__PROBLEM TO WORK ON__. When you write out the listing below, keep each word exactly as it stands and drop the pictures.

DATA BELOW Block Start

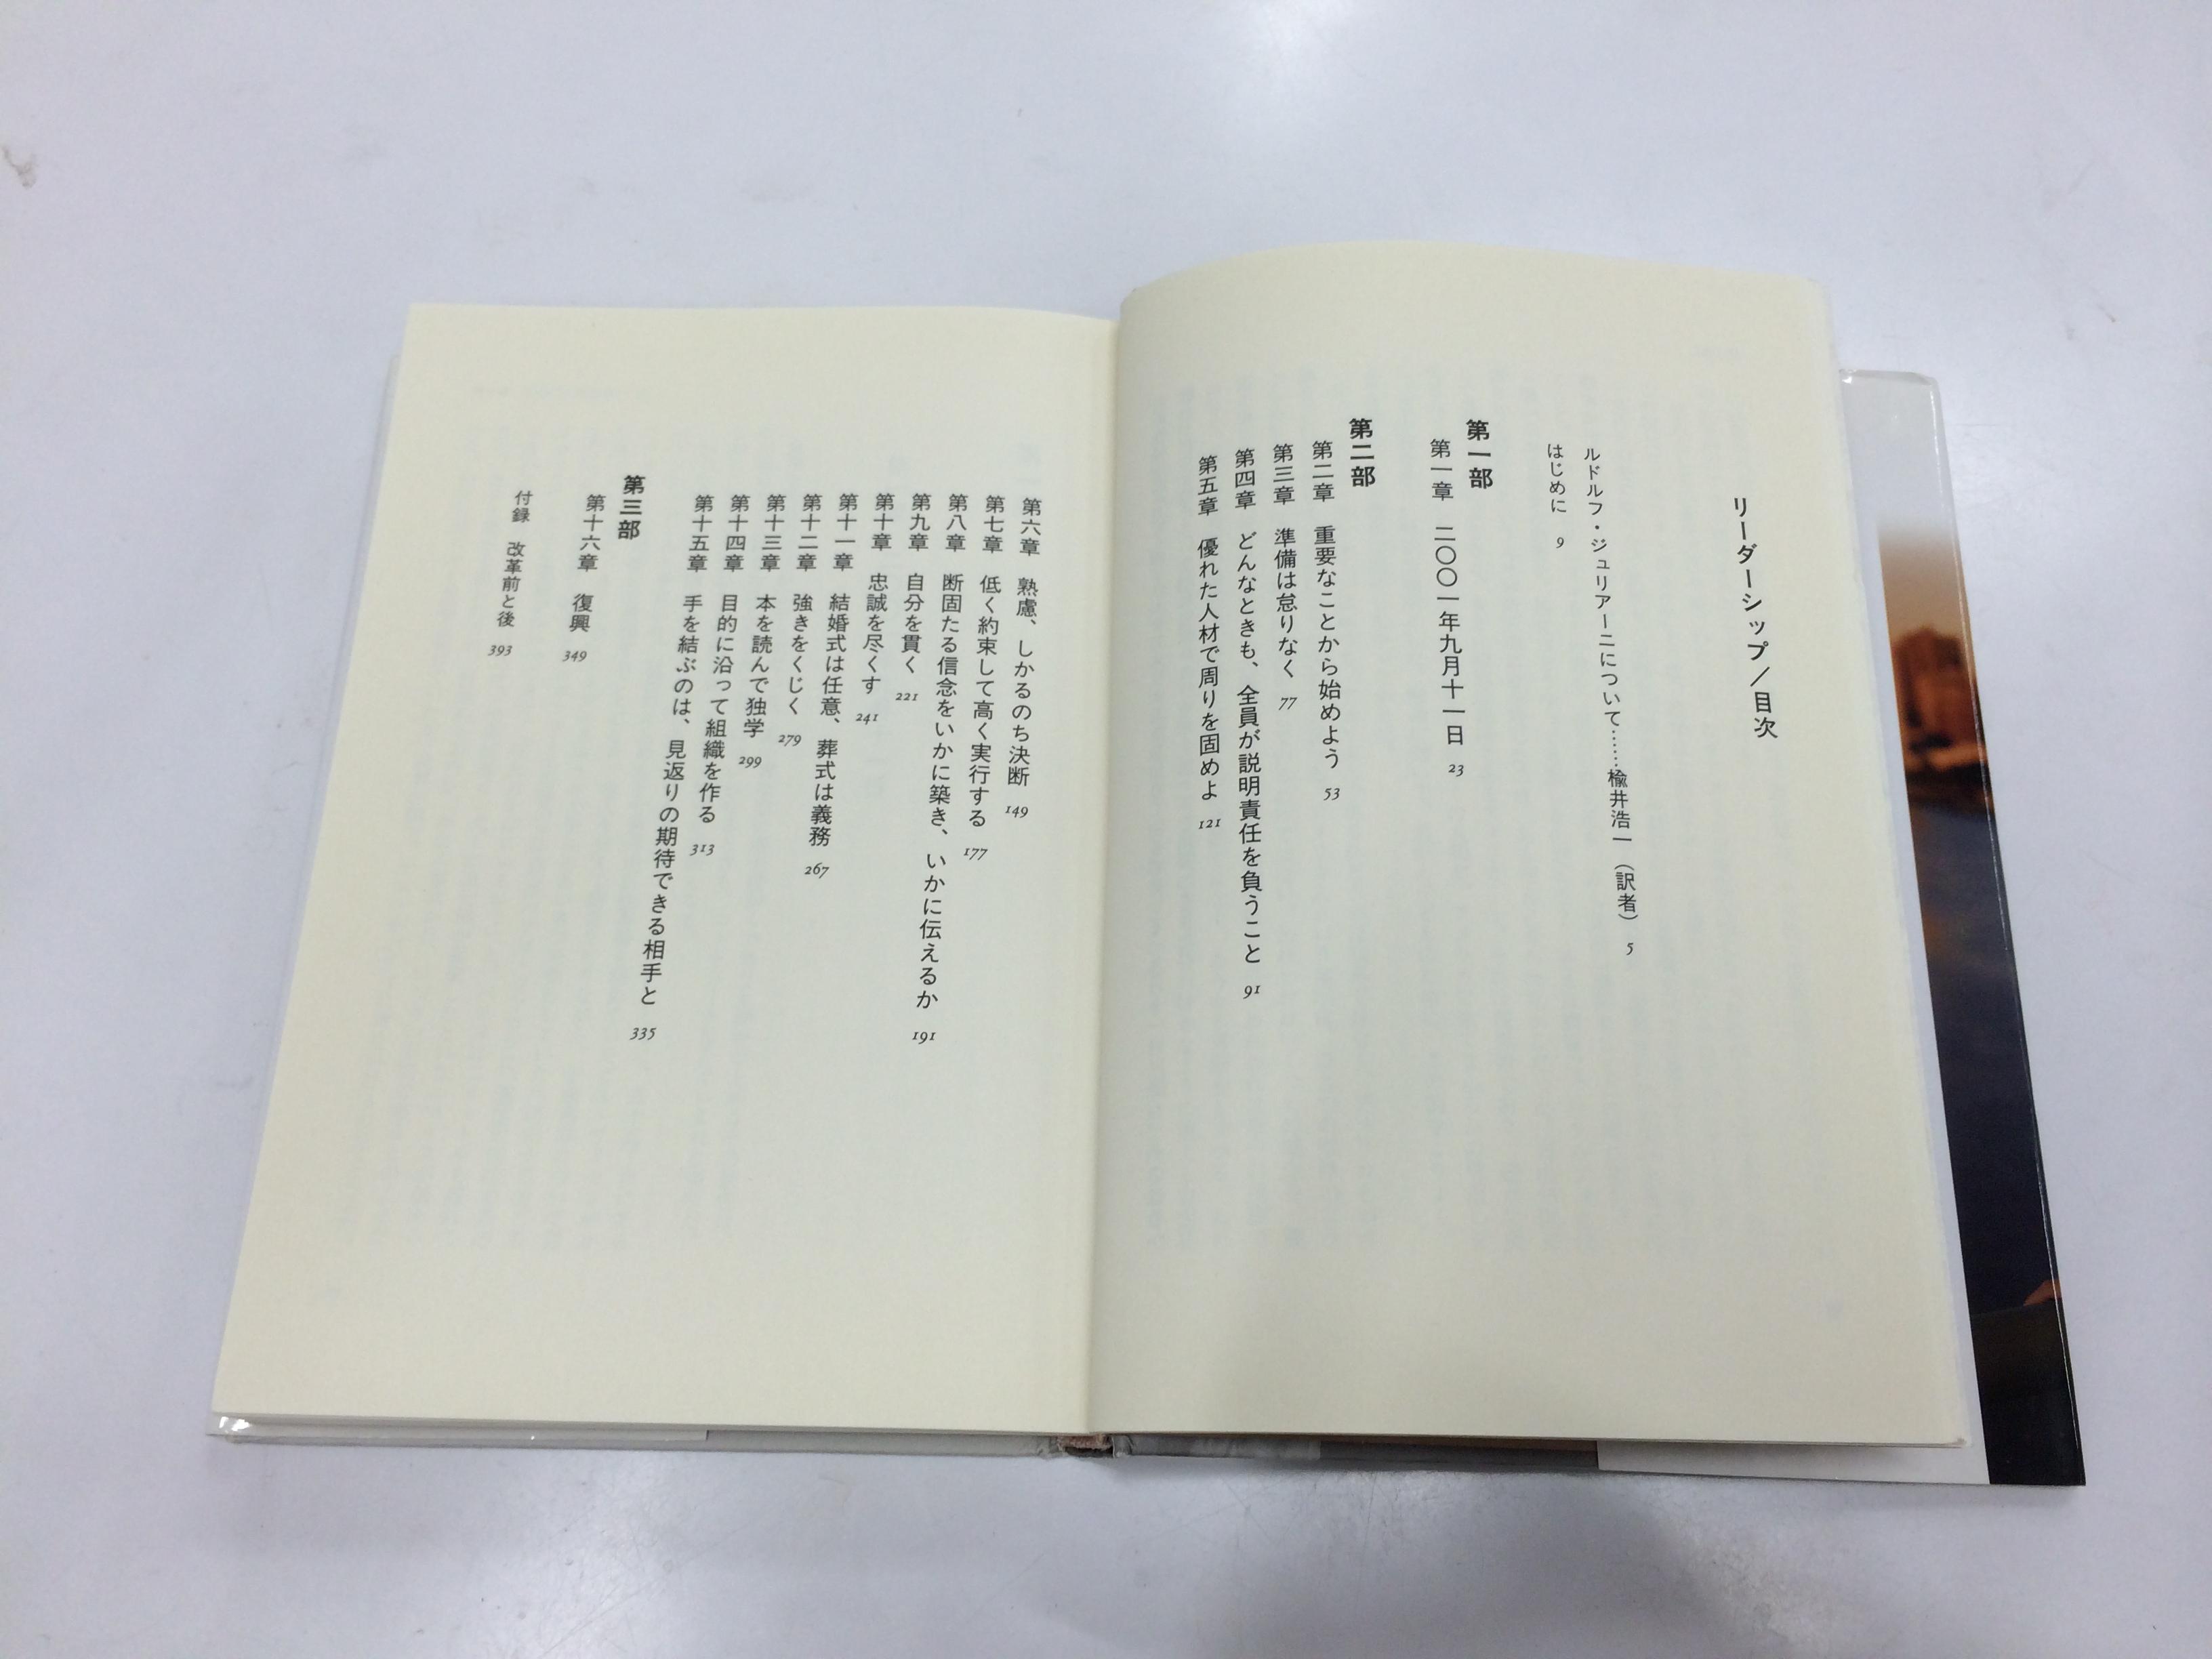 https://lixil-reformshop.jp/shop/SC00182004/contents.JPG
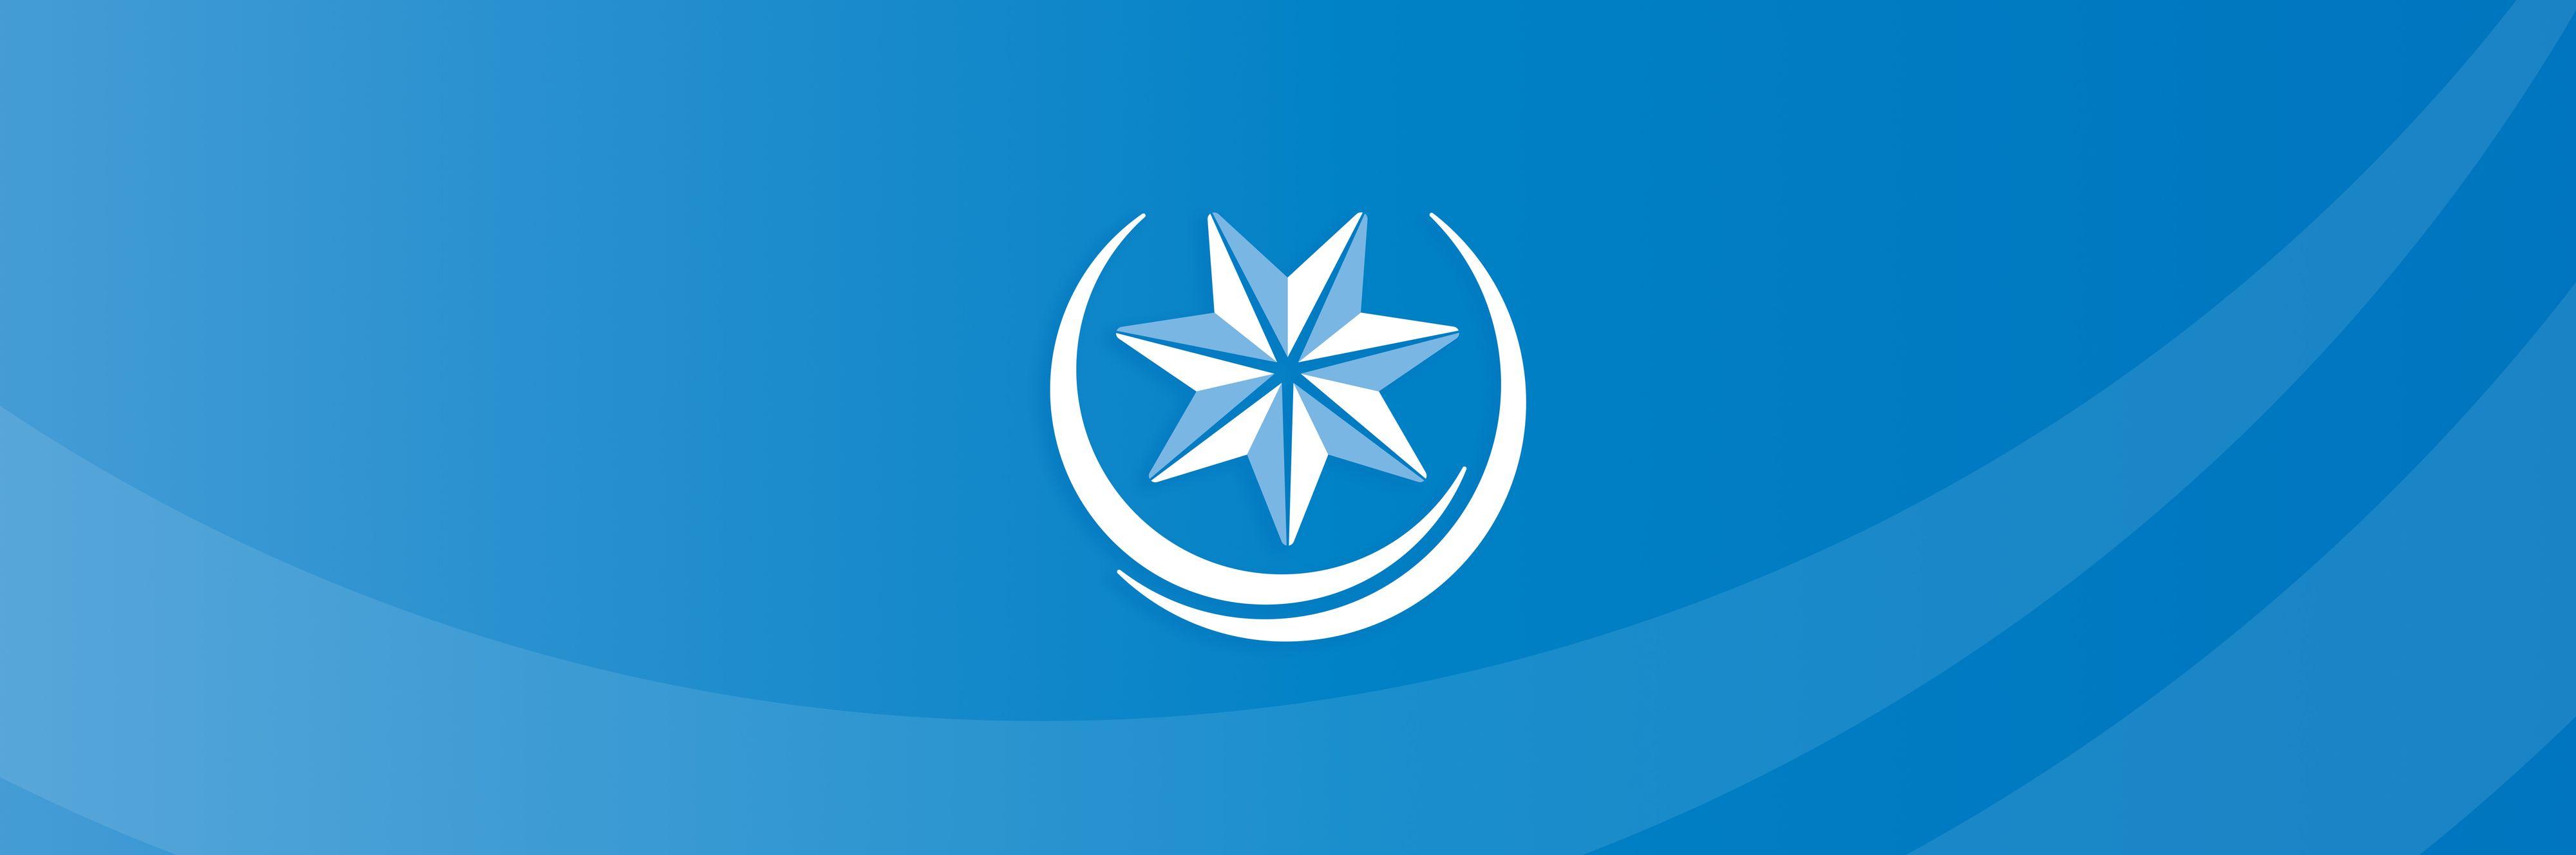 logo banner hq.jpg
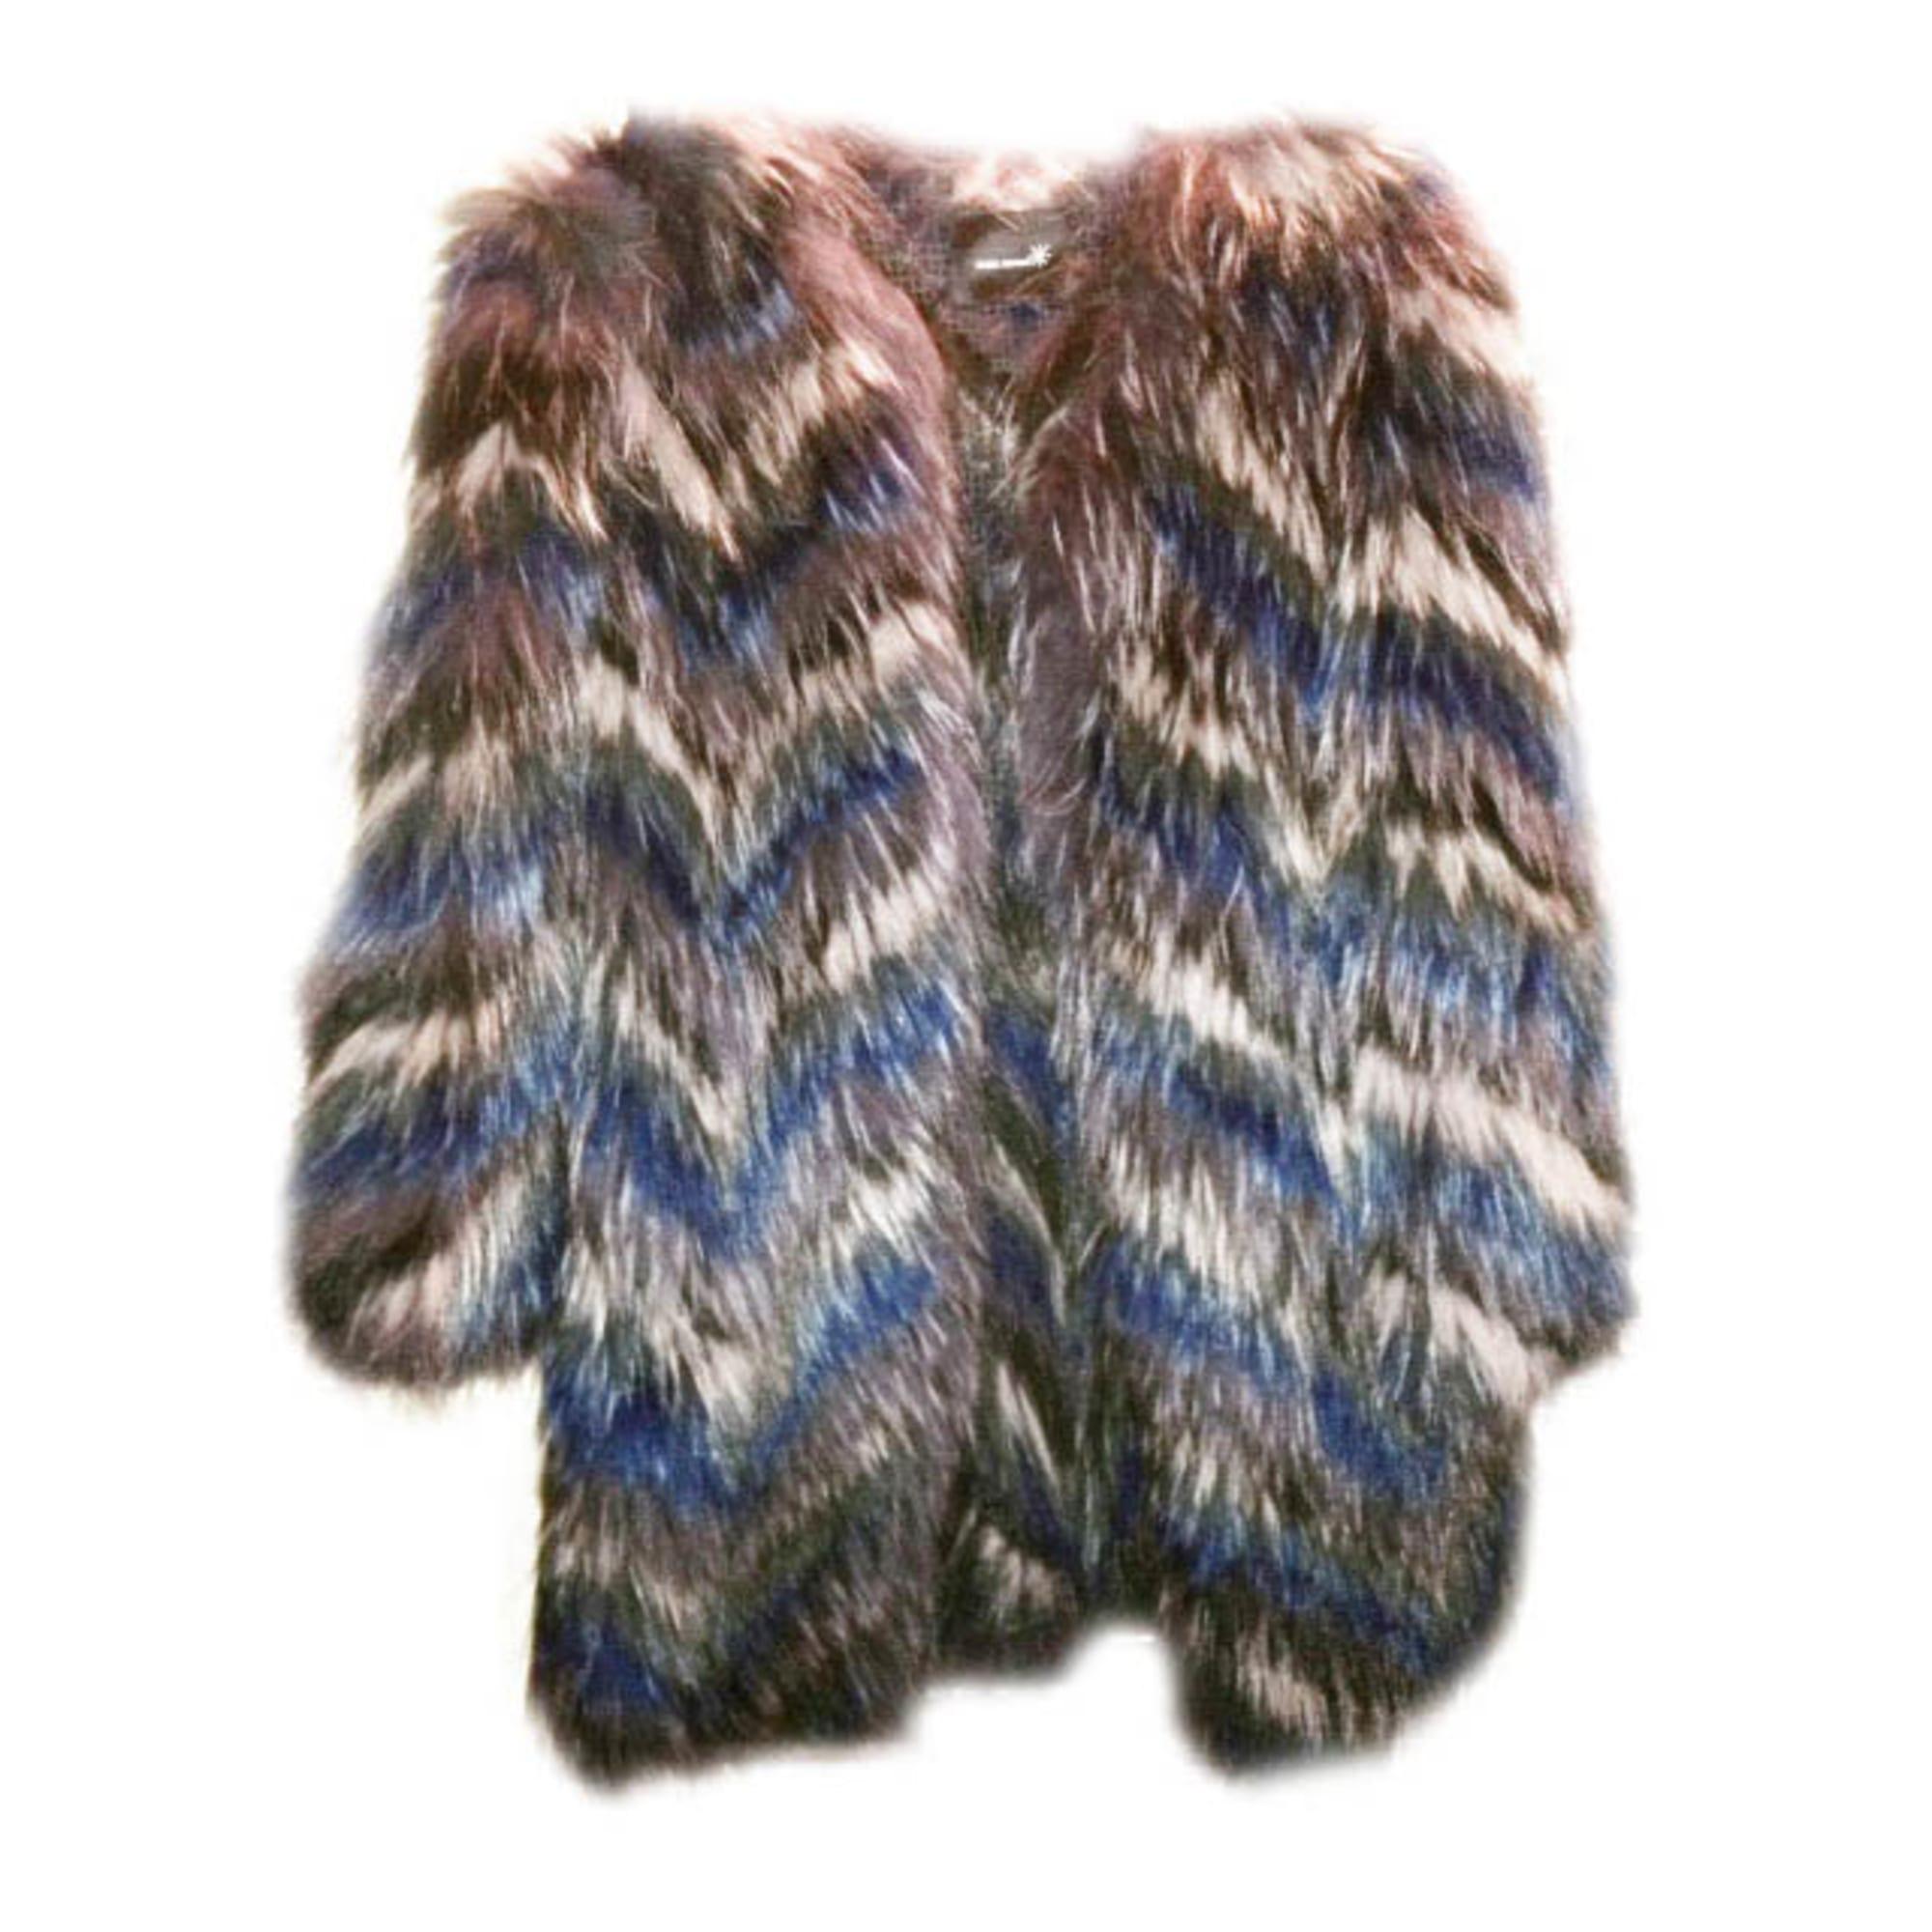 Manteau en fourrure ISABEL MARANT 38 (M, T2) bleu parme gris noir ... 7d91ba18b5b

DATA BELOW Block End

__REPLY__.
 https://lixil-reformshop.jp/shop/SC00182004/contents.JPG
 logo banner hq.jpg
 Manteau en fourrure ISABEL MARANT 38 (M, T2) bleu parme gris noir ... 7d91ba18b5b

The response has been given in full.